The book is framed around Derbyshire’s experience of mental health in their life: the origin story of their multiple, fluctuating diagnoses; and the birth of their inner voices which seem to constantly berate. The writing is sharp, pointed and punchy–sometimes a direct hit, a literary knock-out blow. Some chapters would stand on their own as beautiful flash-fiction pieces. Derbyshire will start with an idea, take it through winding and twisting paths, and end up at an unexpected destination.

Ever so gradually, Derbyshire shows us healing. I found this book impossible to read without questioning my own deeply held tenets of what mental health is. We all have a different narrative, with different internal experiences, and all with different causes and conditions. Mercy Gene is JD’s unique story, and I felt privileged to visit it.


Facing the Unseen: The Struggle to Center Mental Health Care in Medicine 
by Damon Tweedy (St. Martin’s Press, 2024)

This is the book that I would have loved to write if I wanted to tell you how it is to become a Psychiatrist. I didn’t write such a book, but Dr. Tweedy did, and it’s fantastic. If I were to quote the parts of Dr. Tweedy’s second book Facing the Unseen that felt extremely relevant to me, I’d have to copy and paste the entire book here. I suppose that’s my way of saying that I really loved this nonfiction look at Tweedy’s medical training to become a Psychiatrist and his first years in practice, and if you’re interested in this topic, I’d highly suggest you pick this one up.

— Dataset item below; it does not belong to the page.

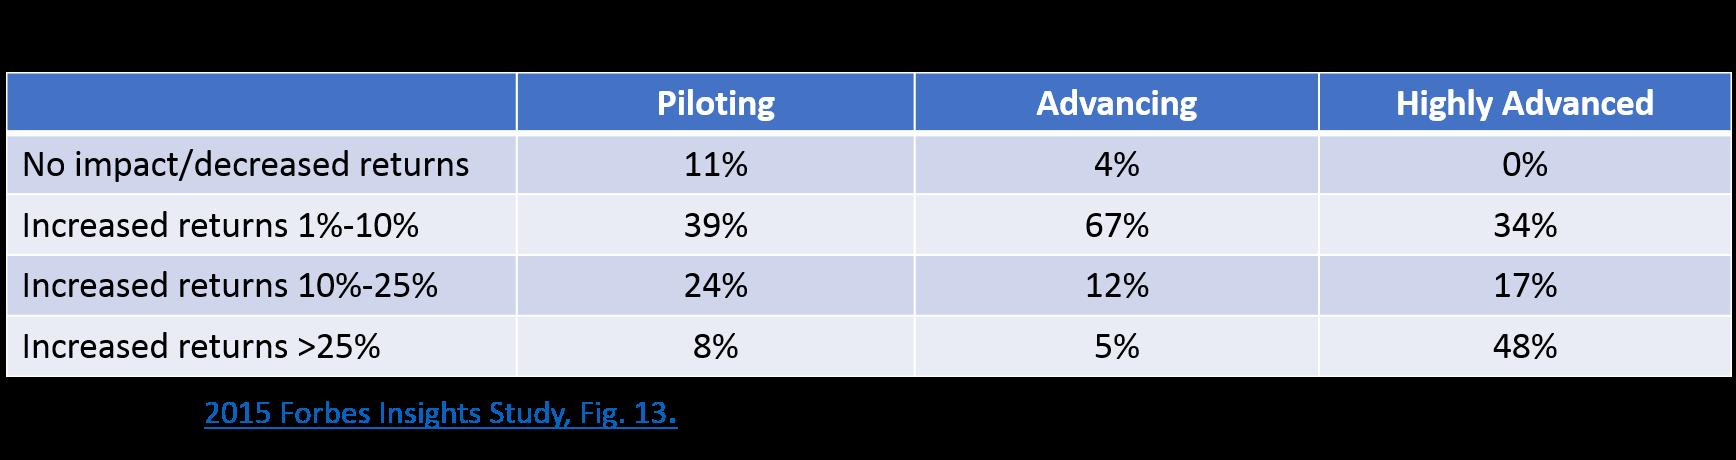 Predictive_Marketing_ROI_Table.png
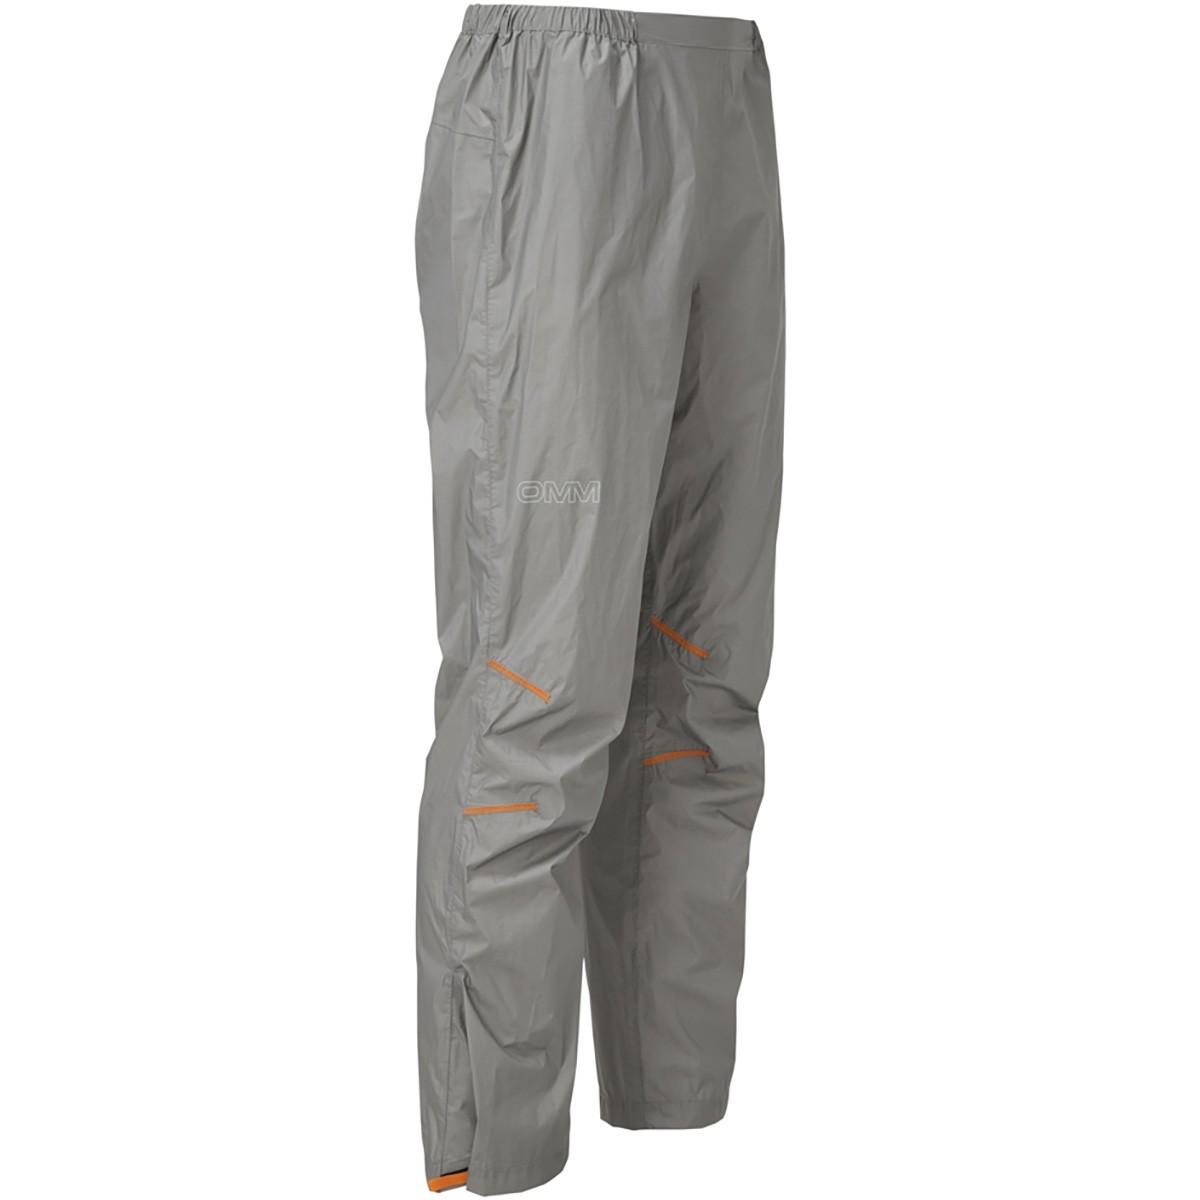 OMM Halo Men's Waterproof Pants - Grey - side

Tweedy highlights the disparities that face Psychiatry and its patients in the face of a bias towards non-psychiatric medicine: the divide between mind and body, where the body is prioritised. It’s a false dichotomy, of course, but his examples are pointed, and his experiences–along with my own–don’t lie. He questions our tendency to prescribe meds rather than psychotherapy, to stigmatise our patients with substance use disorders, to neglect the physical health of people once they are labelled with a psychiatric diagnosis.

I respect the fact that Tweedy raises legitimate questions–ones that present themselves during medical school and residency training–without inflammatory rhetoric. He gets that the mental health system is under-resourced! Highly recommended.